A Light in the Darkness
Hi everyone. Sorry for the lack of blog posts last week. Things have been busy.
I can assure you that I am still “trying new things” in my lifestyle to keep myself busy. Things are not all bad on my Homefront.
This new chapter of myself is different.
I am not working my old job. I certainly can say that I have never gone this long without working a conventional 8-5. With that said, I still feel incredibly busy most days. Also very tired.
For the most part, I have not made any posts because I am tired. There are many things day to day that cause me to feel this way. My family life is pretty active now. There is a lot to do and I am grateful to say I am spending time with my loved ones. My mom has basically been living with me for the last two months. We bicker back and forth sometimes (the gal just had to help herself to my socks which made me mad today lol). But I love being able to see my mom this regularly. Old me would never think that I would feel this way. But yes, it is such a treat to have her around. She is my best friend.
I am lucky enough to have a close relationship with my cousin these days too. Funny enough we never really chatted all that often for the majority of my life until recently—when we were young the age difference felt huge. But now it feels like she is my older sister that I always wanted and we talk daily. I like that.
My baby is growing fast. In one week I think he doubled in size. He has peed and pooped on my mom god knows how many times. He smiled at me for the first time today. He has my shit-eating grin. I am proud of that. Total velcro baby, I really have not been able to get much else done than change diapers and feed that milk monster.
My son looks exactly like his father, but I think his temperament is all me. Between that smirk he gives me now (he also smiles in his sleep but that is just a baby reflex), and his very opinionated nature…he is my kid. The boy seems fairly mild mannered until you do something he is not a fan of. The apple does not fall very far from the tree.
One of the reasons I chose to be a mother was for my mother. Of course I chose to be a mother for my own personal reasons that I will keep close to my heart, I wanted to give my mom a grandchild while I could. I wanted to spoil my mom and give her that experience I know she always wanted. My heart feels full when I see my mom interacting with my son. She deserves that positivity.

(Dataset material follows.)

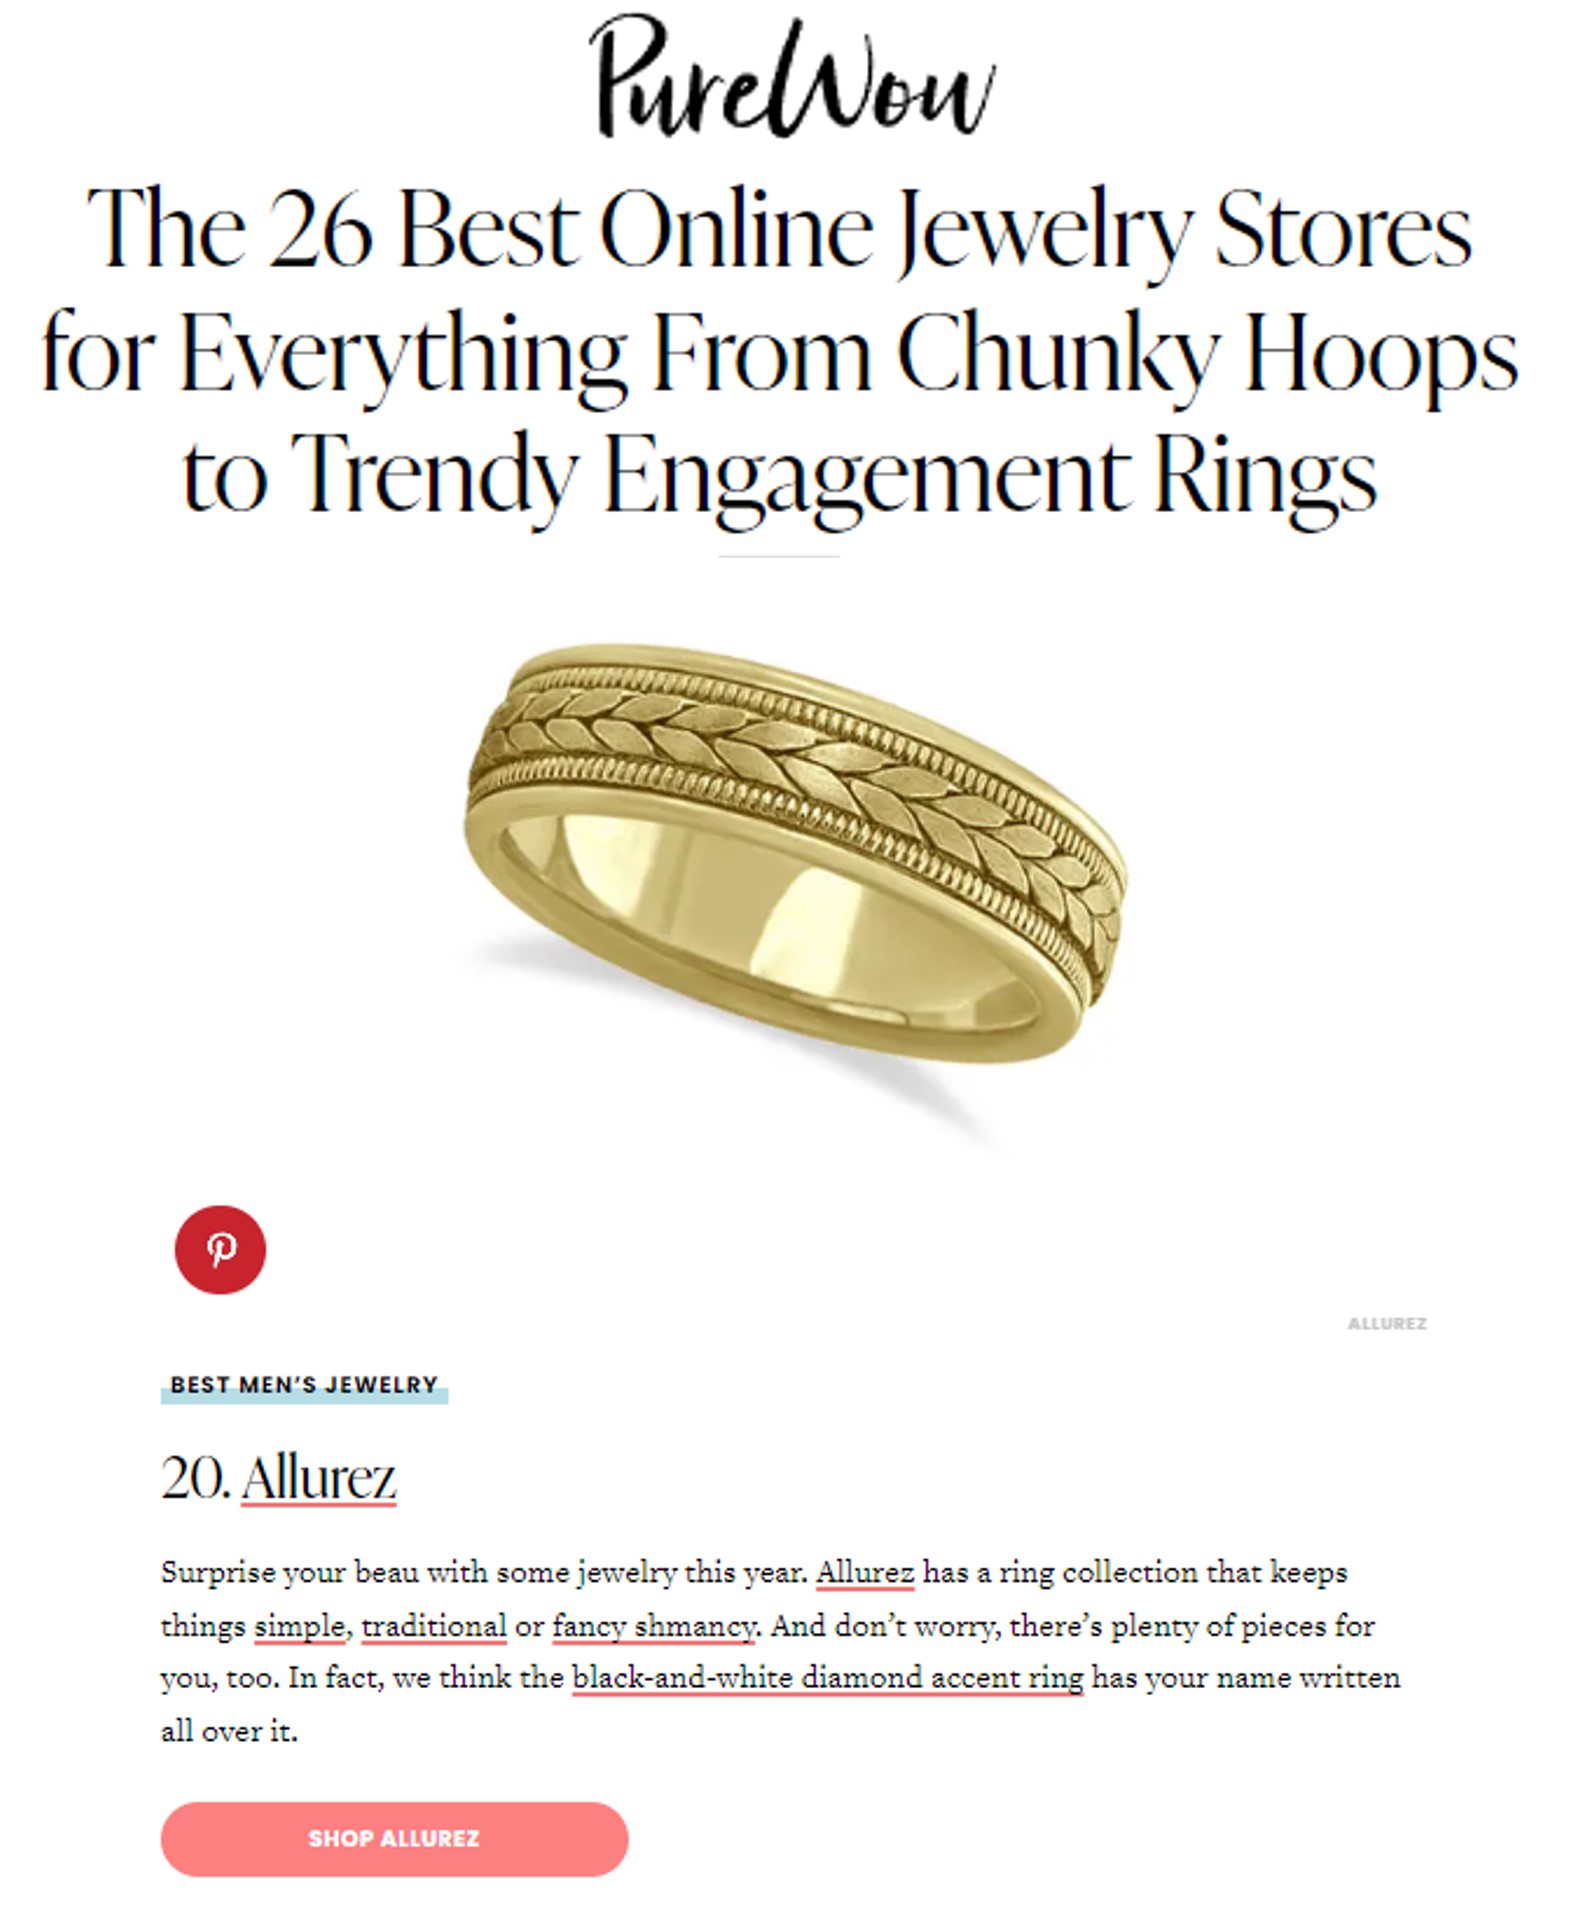 The 26 Best Online Jewelry Stores for Everything From Chunky Hoops to Trendy Engagement Rings

Same goes with my grandma on my dad’s side; my grandpa passed in the last few years and that has been so hard on her. She too I wanted to give a bright light of life to.
My son is so strong and resilient, just like his mom. From the day I found out I was pregnant, I knew my child would carry a purpose. I knew he was here for a reason and it was my duty to carry that out. I knew fairly early on in my pregnancy how my son would be and I was not wrong. My son will stand with purpose. My son will be a light in the darkness. My son will love with all of his heart. And I know that when he is older that my son with stand up for others who need a voice. He will be strong and kind. Smart but not cocky. I am thrilled to have such a wonderful boy that I know is destined for greatness.
We read together, my son and I. He does not know all of the words (or frankly any words) to the books we read together. Some would say I should start with children’s books. That is a softball. We read nonfiction together.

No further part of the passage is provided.